§ **What you will do**:
Once the line containing "Sabre de cavalerie" is found in the entries below, restate it and each following line word for word, stopping after the line containing "Dudley & Associates Professional Tax Service".

§ **Dataset records**:
· · · · ·
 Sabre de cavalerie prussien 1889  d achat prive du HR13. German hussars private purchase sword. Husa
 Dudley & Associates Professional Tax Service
· · · · ·
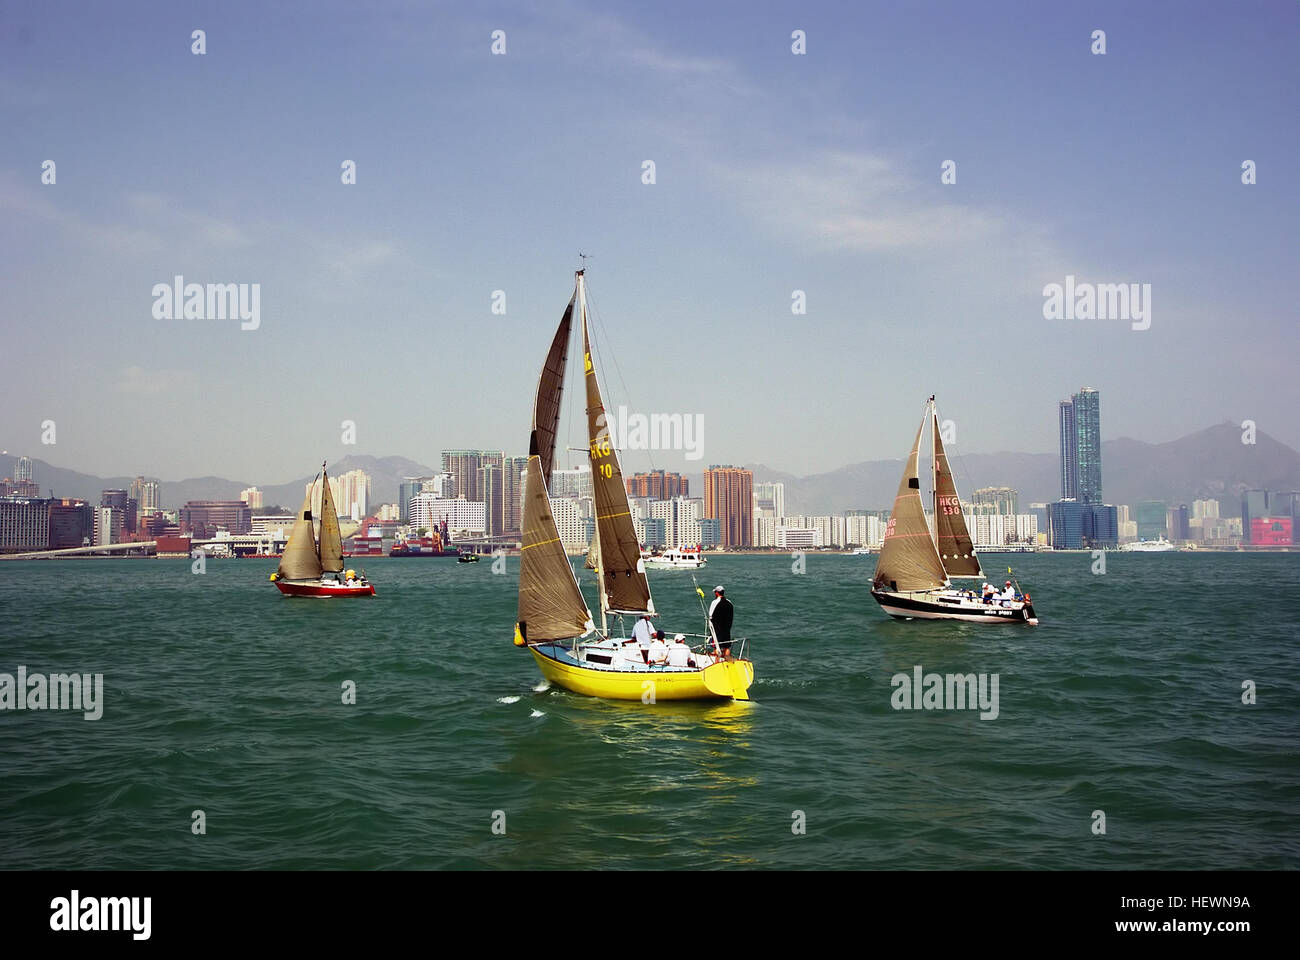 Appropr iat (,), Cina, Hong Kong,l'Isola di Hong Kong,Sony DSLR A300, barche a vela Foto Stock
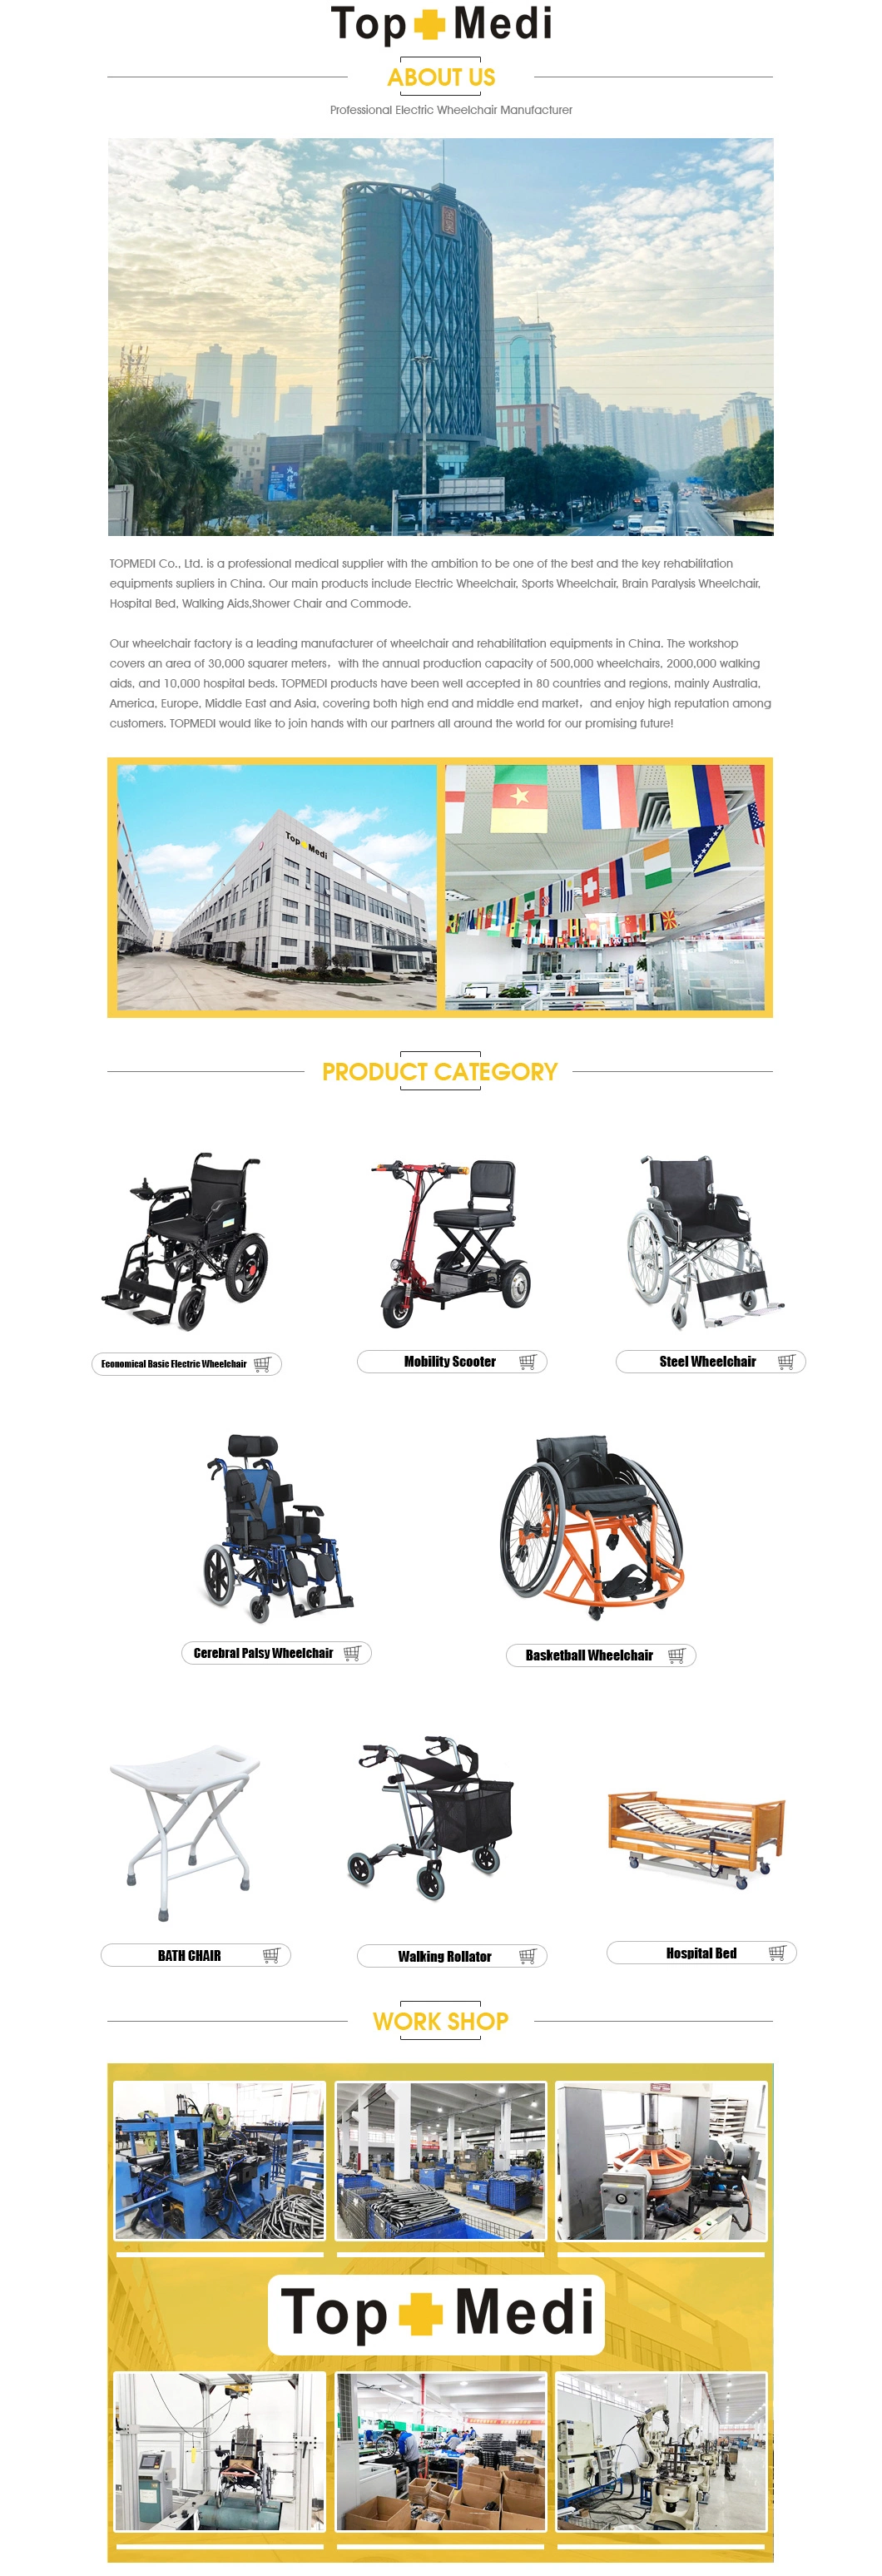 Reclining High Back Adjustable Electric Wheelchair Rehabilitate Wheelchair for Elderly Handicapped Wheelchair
· · · · ·
§ **Output below**:
 Sabre de cavalerie prussien 1889  d achat prive du HR13. German hussars private purchase sword. Husa
 Dudley & Associates Professional Tax Service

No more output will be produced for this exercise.